Но вечер не оканчивался, когда за ними захлопывалась калитка саблуковского дома. Часто ночью, лежа без сна, стараясь не замечать могучего храпа богословов и философов, Никита переживал сызнова подробности прошедшего вечера. Все в этих воспоминаниях вдруг обретало для него значение: украдкой брошенный взгляд, оттенок голоса, которым она произносила свое обычное "До свидания, Никита", живое тепло тоненьких ее пальцев при прощальном пожатии руки.
Таня встречала их всякий раз дружески, никому не отдавая предпочтения. Ей было весело с обоими.
А он, человек совсем не робкого десятка, страшился остаться с нею наедине, не смел прикоснуться к ней.
Мучительным напряжением воли всечасно следил за собой, чтобы никто не догадался, что у него на сердце. Он понимал: стоит только родителям Тани заподозрить неладное, и двери их дома будут навсегда закрыты для несчастного кутейника.
Оттого-то Никита тщательно таил свое чувство, не решаясь открыться даже Сане.
III
Наступило лето.

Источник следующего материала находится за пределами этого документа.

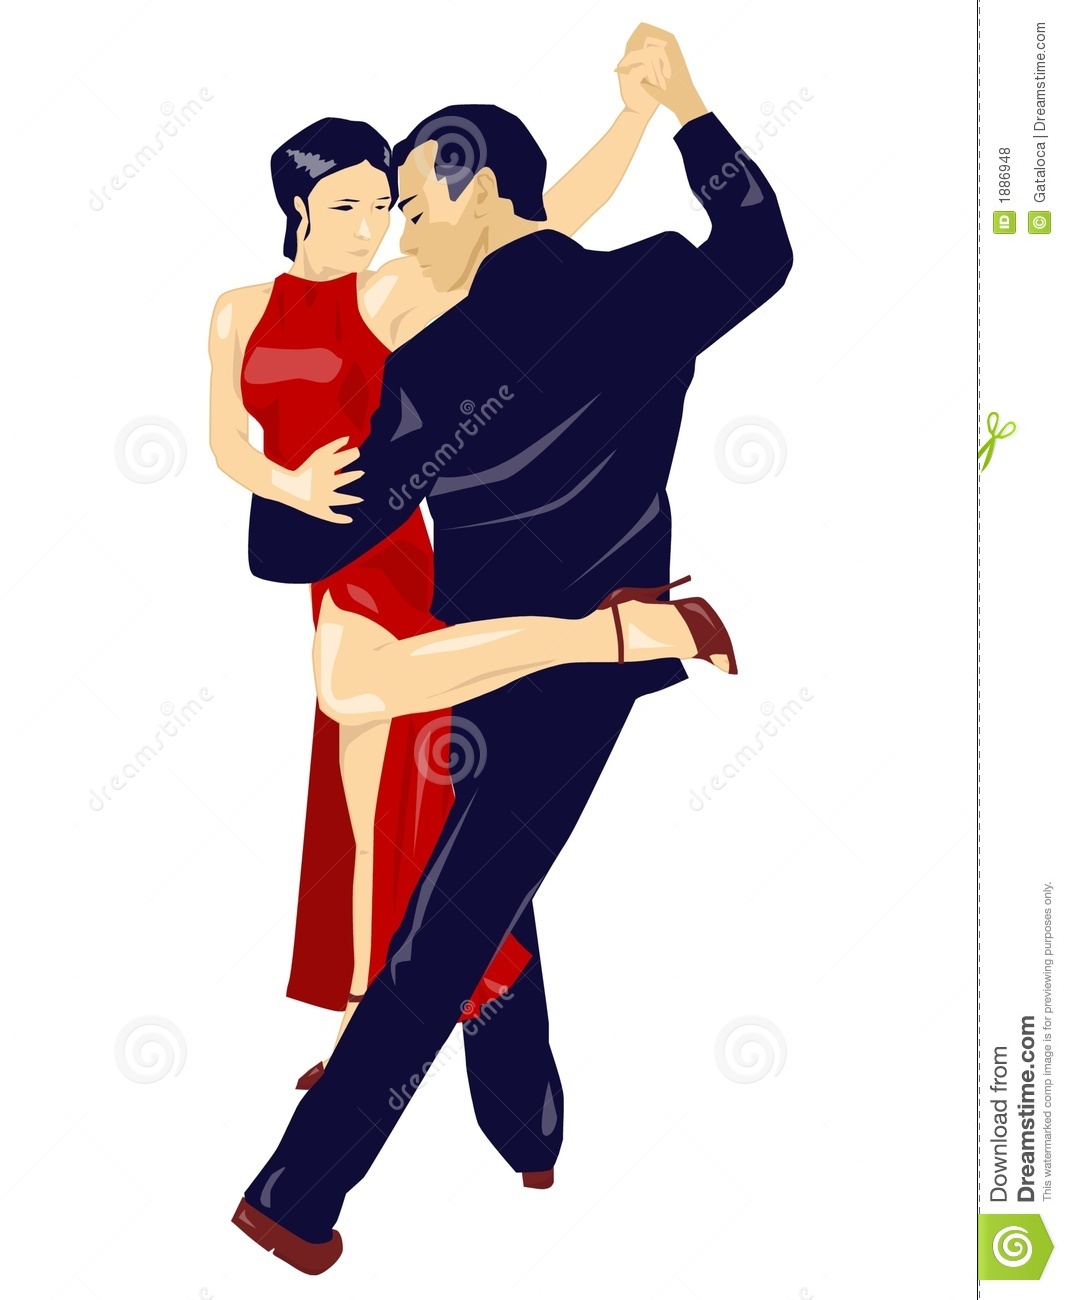 Tango Dancers Voleo Isolated Royalty Free Stock Photos Image Clipart

Однако ехать на вакации не хотелось. Жаль было покидать Казань даже на несколько недель.
Но как-то вечером пришло письмо из дому, длинное — на трех листах.

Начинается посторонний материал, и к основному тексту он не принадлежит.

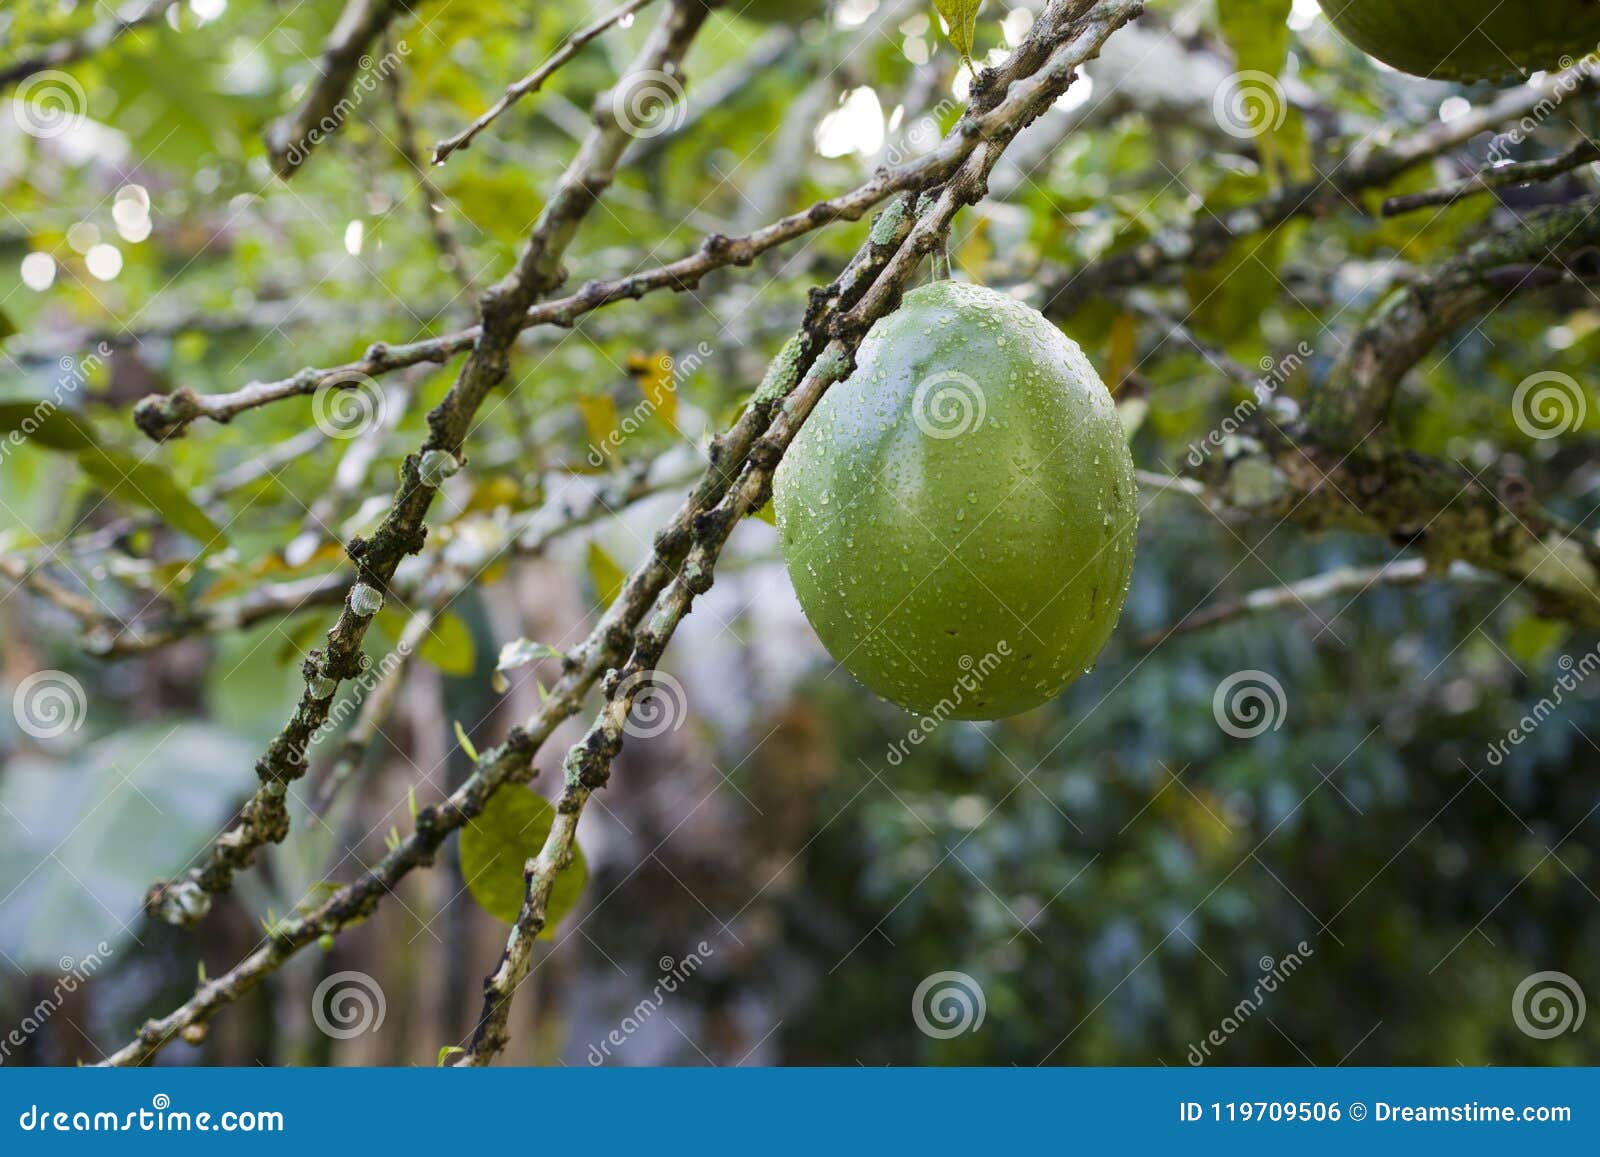 crescentia cujete, commonly known as the calabash tree big fruit

Никита знал, что в грамоте отец не силен, учился в семинарии всего до грамматики (да и было то лет тридцать тому назад), и столь пространное письмо его удивило.
"Родимый сынок наш, Никитушка, низко тебе с матерью кланяемся и долгом поставляем отписать, какая с нами беда приключилась, — читал Никита. — Назад три дня бывши я из чуваш у новокрещена Архипа Алексеева, ты должон его помнить, по зову ево на помочи и испивши пива, зделался несколько в подгуле. Воротился домой и, не входя в ызбу, прошел прямо в сад, лег в поставленный в том саду для караула яблоков шалаш, в котором ты любил почивать, когда летом домой на ваканцыи приезжал, и заснул весьма крепко. И в то время неведомо кто имеющимся в оном шалаше собственным моим топором у левой руки близ самой ладони отрубил четыре пальца, из коих кроме болшого три протчие отпали, а мизинец остался на одной жиле.